Banerjee Arkaprava, Roy Kunal
Drug Theoretics and Cheminformatics Laboratory, Department of Pharmaceutical Technology, Jadavpur University, Kolkata, 700 032, India.
Sci Rep. 2025 Jan 4;15(1):808. doi: 10.1038/s41598-024-85063-y.
We have adopted the classification Read-Across Structure-Activity Relationship (c-RASAR) approach in the present study for machine-learning (ML)-based model development from a recently reported curated dataset of nephrotoxicity potential of orally active drugs. We initially developed ML models using nine different algorithms separately on topological descriptors (referred to as simply "descriptors" in the subsequent sections of the manuscript) and MACCS fingerprints (referred to as "fingerprints" in the subsequent sections of the manuscript), thus generating 18 different ML QSAR models.

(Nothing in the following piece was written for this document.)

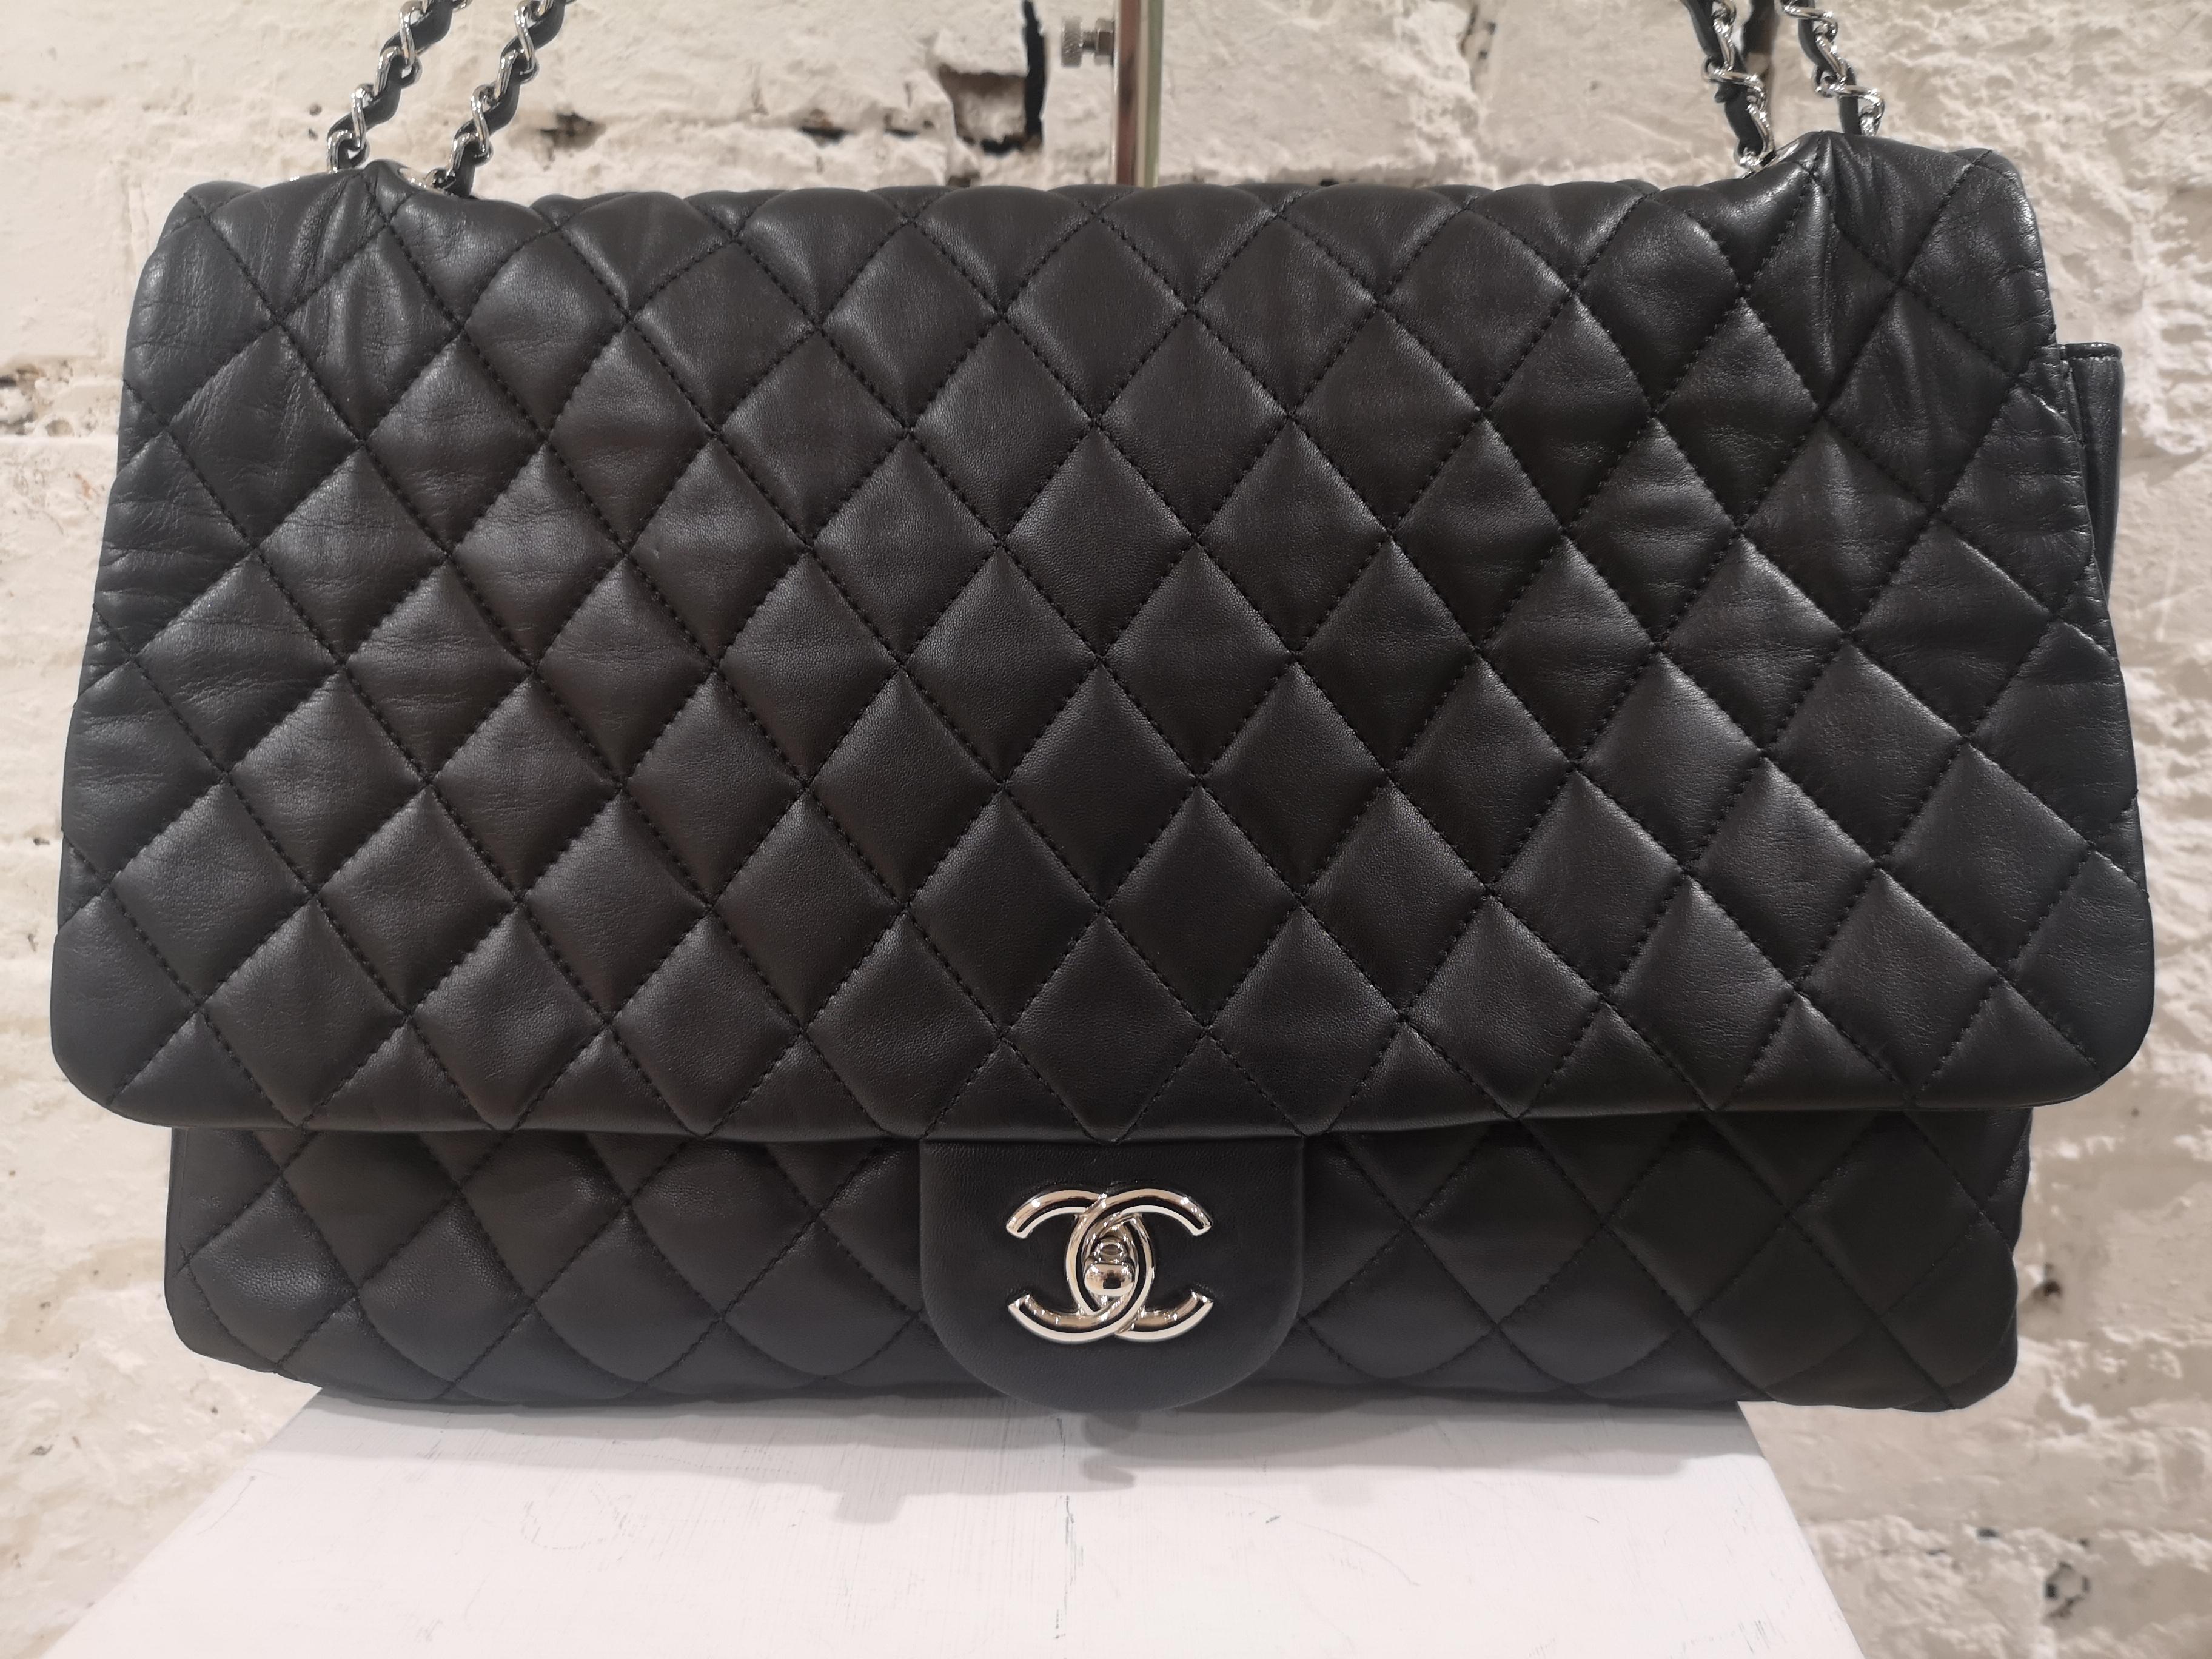 Black Chanel maxi jumbo black leather shoulder bag

Using the chemical spaces defined by the modeling descriptors and fingerprints, the similarity and error-based RASAR descriptors were computed, and the most discriminating RASAR descriptors were used to develop another set of 18 different ML c-RASAR models. All 36 models were cross-validated 20 times with a fivefold cross-validation strategy, and their predictivity was checked on the test set data. A multi-criteria decision-making strategy - the Sum of Ranking Differences (SRD) approach-was adopted to identify the best-performing model based on robustness and external validation parameters. This statistical analysis suggested that the c-RASAR models had an overall good performance, while the best-performing model was also a c-RASAR model (LDA c-RASAR model derived from topological descriptors, with MCC values of 0.229 and 0.431 for the training and test sets, respectively). This model was used to screen a true external data set prepared from the known nephrotoxic compounds of DrugBankDB, demonstrating good predictivity.

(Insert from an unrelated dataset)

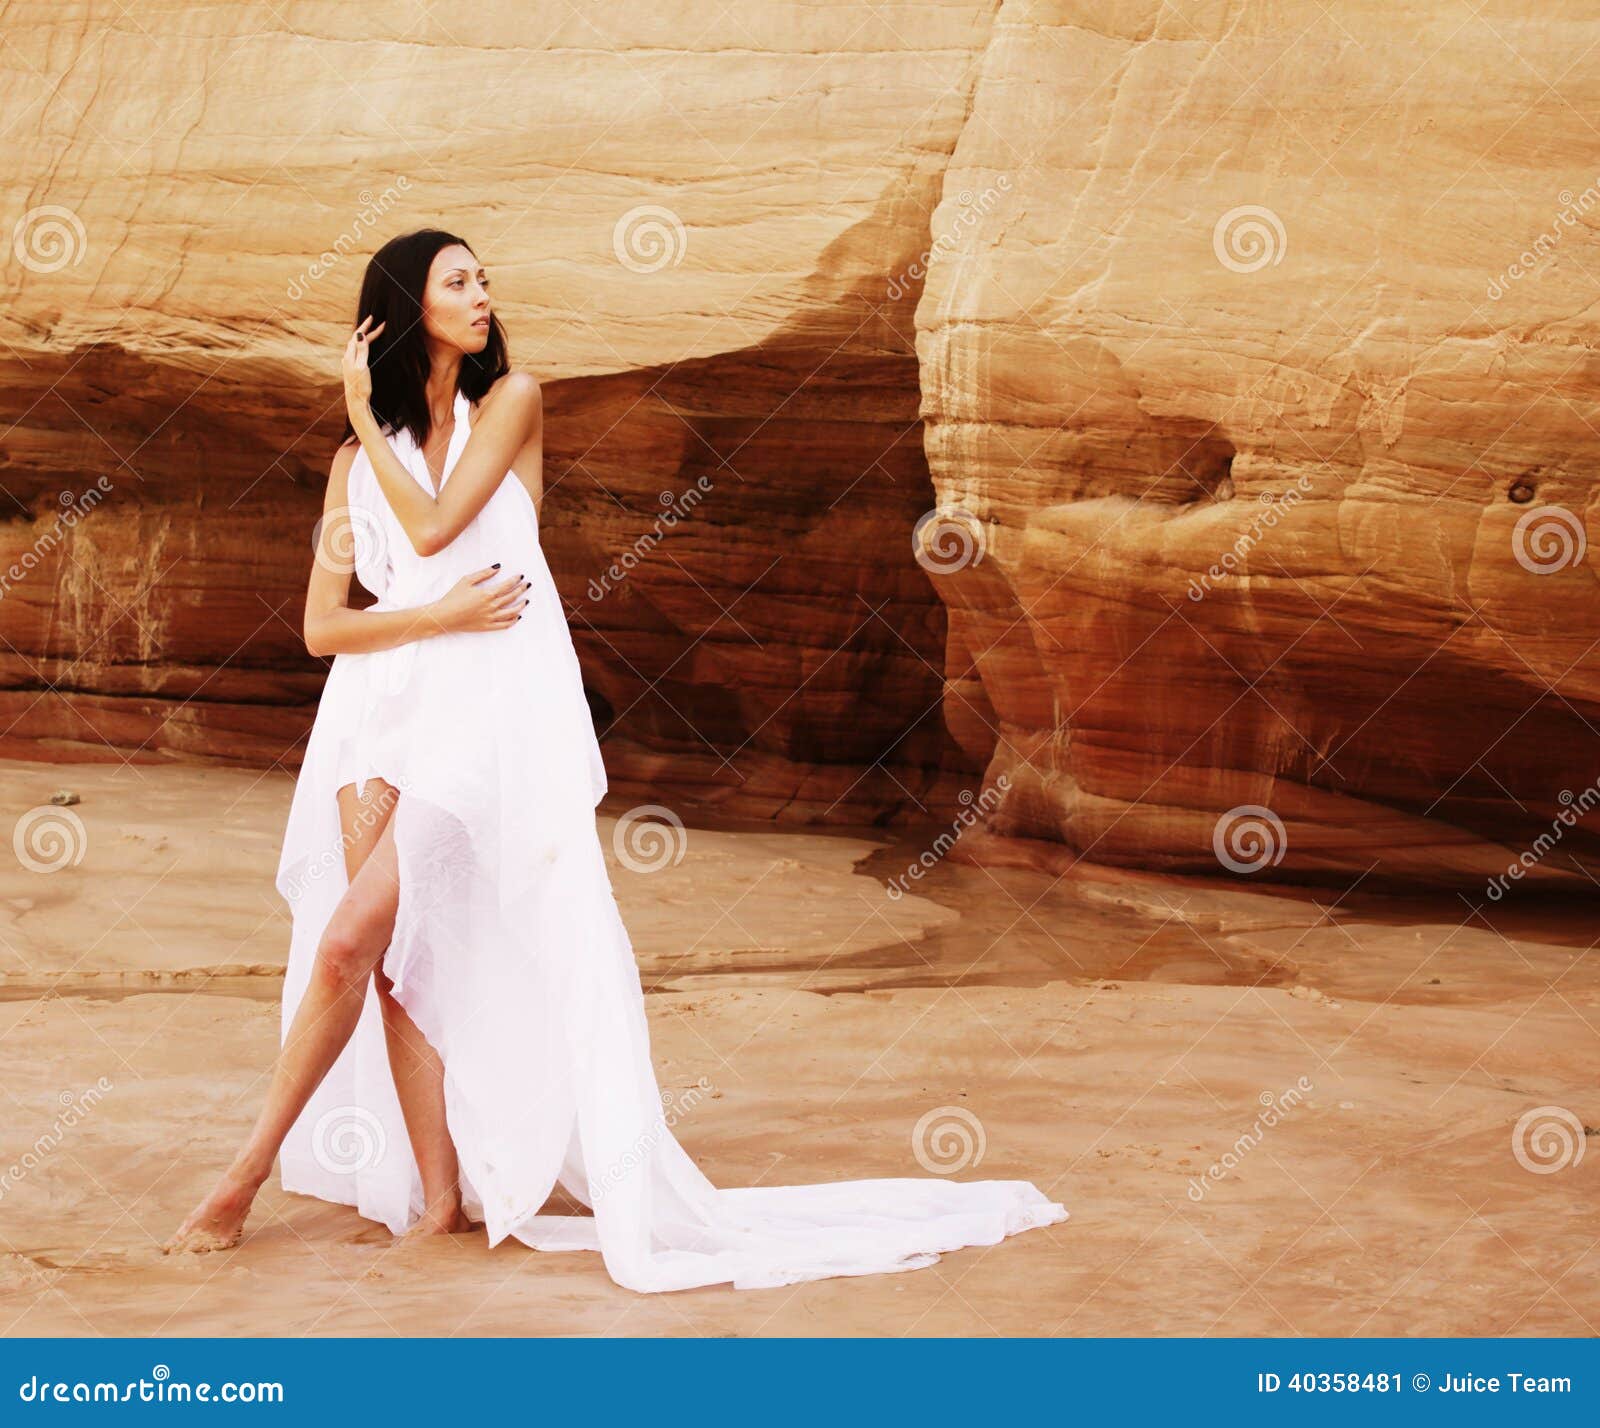 Она танцует в белом платье смотрит тайно. Девушка в белом в пустыне. Девушка в белом платье в пустыне. Девушка в белой одежде в пустыне. Гифка девушка в белом платье в пустыне.

在本研究中,我们采用了分类读通结构-活性关系(c-RASAR)方法,基于最近报告的口服活性药物肾毒性潜力的精选数据集进行机器学习(ML)模型开发。我们最初分别使用九种不同算法,基于拓扑描述符(在手稿后续部分简称为“描述符”)和MACCS指纹(在手稿后续部分简称为“指纹”)开发ML模型,从而生成18种不同的ML QSAR模型。利用建模描述符和指纹定义的化学空间,计算了基于相似性和误差的RASAR描述符,并使用最具区分性的RASAR描述符开发了另一组18种不同的ML c-RASAR模型。所有36个模型均采用五折交叉验证策略进行了20次交叉验证,并在测试集数据上检查了它们的预测能力。采用了一种多标准决策策略——排名差异总和(SRD)方法——基于稳健性和外部验证参数来识别性能最佳的模型。该统计分析表明,c-RASAR模型总体表现良好,而性能最佳的模型也是一个c-RASAR模型(源自拓扑描述符的LDA c-RASAR模型,训练集和测试集的MCC值分别为0.229和0.431)。该模型用于筛选从DrugBankDB的已知肾毒性化合物制备的真实外部数据集,显示出良好的预测能力。